Сергей Лебедев: Тело есть последняя Богом данная улика, нет тела – нет ничего. И я надеюсь, что мы найдем в себе силы и возможности вернуться к вещам, которые могут казаться даже архаичными сейчас, к тому, как жили предки. Тело должно быть похоронено. И Дмитриев возвращает нас к этой последней простоте, к тому, что память в основе своей все равно имеет расследование, нахождение и тождество, когда ищущий встречается с этой последней точкой.
Елена Фанайлова: И еще попрошу вас по цитате…
Сергей Лебедев: "Второй дед осторожно приближал меня к себе; он попросил, чтобы в прогулках и делах, когда есть возможность, я сопровождал его, и получил согласие родителей. Я не просто стал его поводырем – я вынужденно проходил его дорогами, двигался его орбитами. Иным показалось бы, что я веду его, слепого, но на самом деле он вел меня; мы могли пойти за грибами, я искал белые или подосиновики, Второй дед нес корзину, и встреченные грибники умилялись, хвалили меня за участие и заботу; но я-то знал, что я – слеп, а Второй дед видит, что делает, видит недоступные мне собственные намерения. В лесу в жаркий день липла на лицо паутина, и мне казалось, что эта паутина – овеществленные замыслы Второго деда, и я счищал ее, умывался черной гнилой водой из ям, лишь бы не чувствовать этих нитей; в ранние сумерки – мы могли гулять долго – лес превращался в наслоения теней, между стволами возникали чернильные роднички темноты, и я даже успокаивался – теперь не нужно было ждать подвоха, уходило мучительное ощущение, что солнечный день – только обманка, что мы вдвоем идем каким-то другим пространством, которое лишь видится светлым. Я брел за белеющей в сумерках фигурой и знал, что именно так – тьма, бесформенность, незримые касания трав и ветвей – и выглядит по-настоящему все вокруг".

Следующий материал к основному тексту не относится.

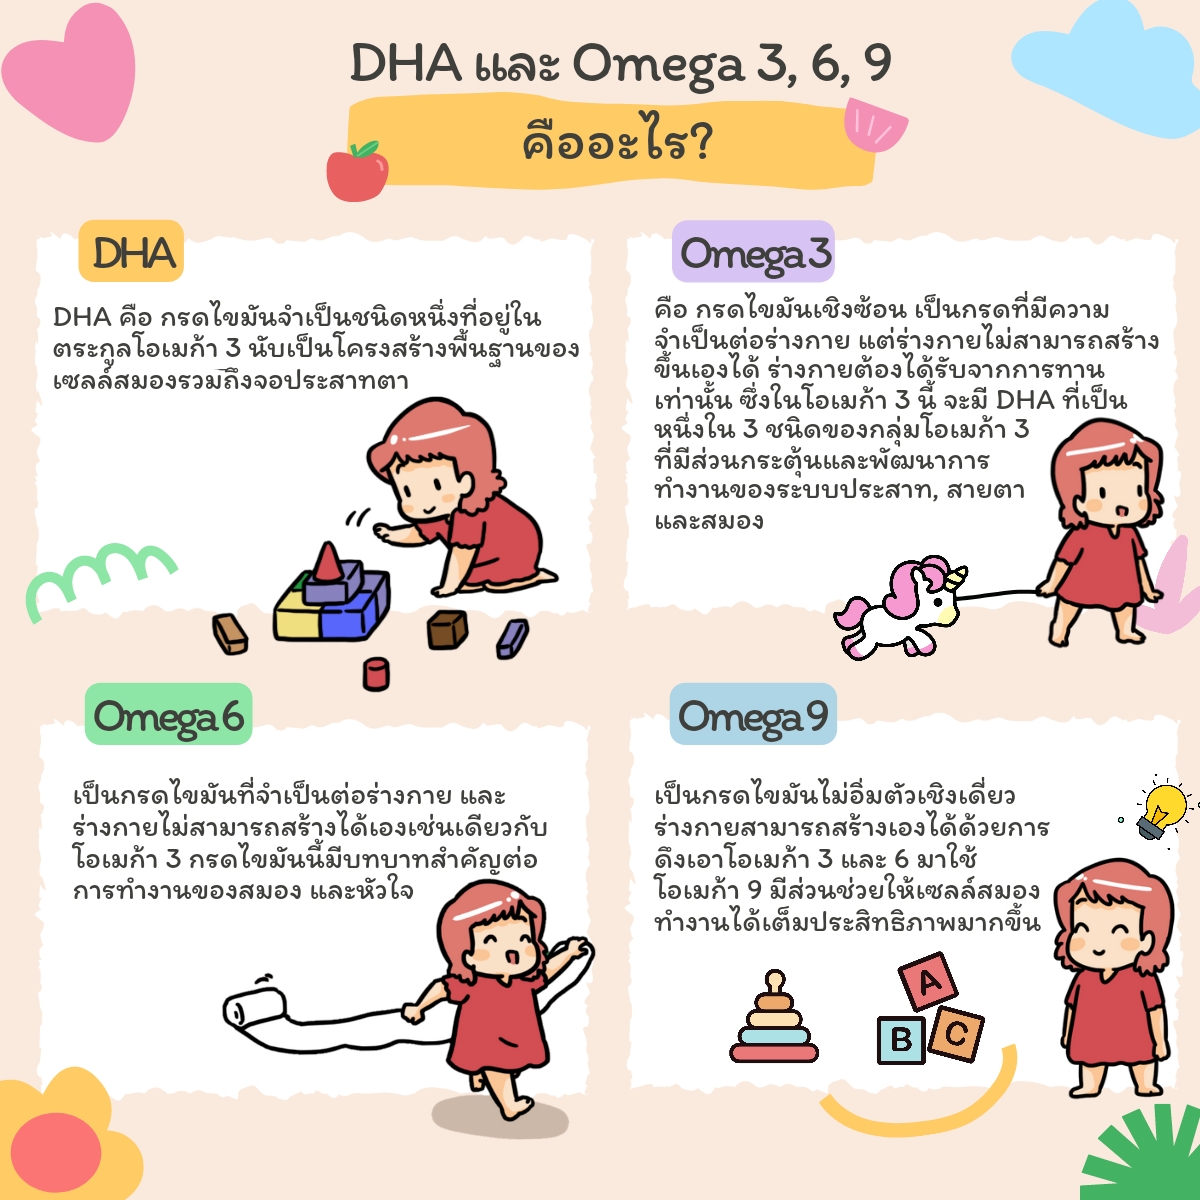 DHA และ Omega 3, 6, 9 คืออะไร?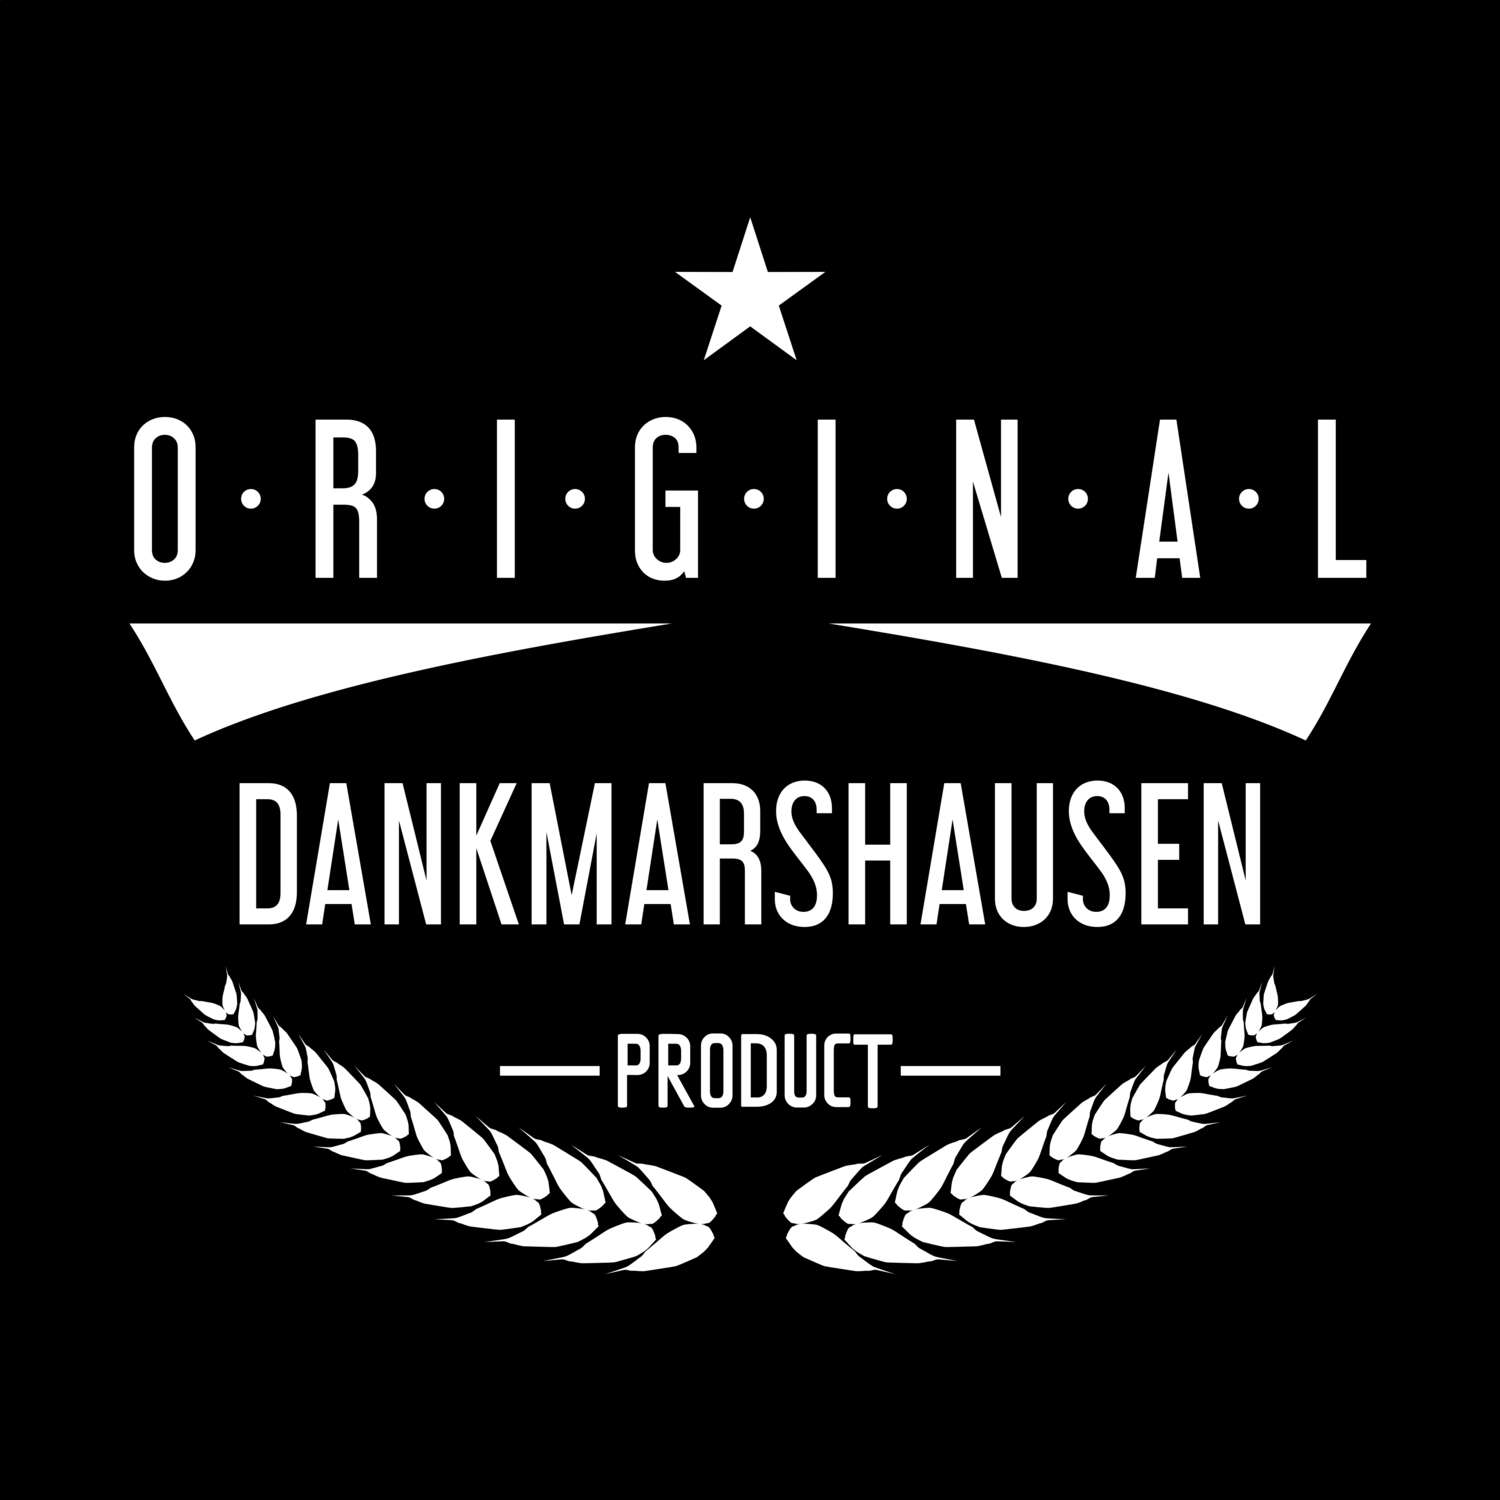 Dankmarshausen T-Shirt »Original Product«

Елена Фанайлова: Это еще одна внутренняя тема "Предела забвения" – физическая слепота и ориентация в мире при помощи других способов его понимания.
Мария Степанова: "Иногда кажется, что прошлое можно любить, только зная наверняка, что оно никогда не вернется. Если я ждала, что в конце путешествия для меня припрятана коробочка-секретик вроде корнелловских, из этого ничего не вышло. Места, где ходили, сидели, целовались люди моей семьи, где они спускались к реке или прыгали в трамвай, города, где их знали в лицо и по именам, не стали со мной брататься. Поле битвы, зеленое и равнодушное, заросло травой. Это было как в компьютерном квесте: когда не умеешь играть, подсказки приводят к чужим воротам, потайные двери ведут в глухую стену, никто не помнит ничего. И к лучшему: один поэт сказал, что никто не придет назад. Другой – что забыть значит начать быть. Посылка была упакована со всею возможной ответственностью. Коробка выстелена папиросной бумагой, и в нее же, тонкую, непрозрачную, завернули каждую из единиц содержимого. Я распеленывала их, одну за одной, и они лежали на обеденном столе рядком, так что было видно все сколы, все вмятины, землю, въевшуюся в фарфоровые бока, пустоту на месте отсутствующей ступни, руки, головы. Головы, впрочем, были почти у всех, некоторые сохранили и носочки – единственную часть туалета, которая им была разрешена. В остальном они были голы и белы, словно только что появились на свет со всеми своими увечьями. Замороженные Шарлотты, представители популяции выживших, кажутся мне родней – чем меньше я о них могу рассказать, тем ближе они становятся".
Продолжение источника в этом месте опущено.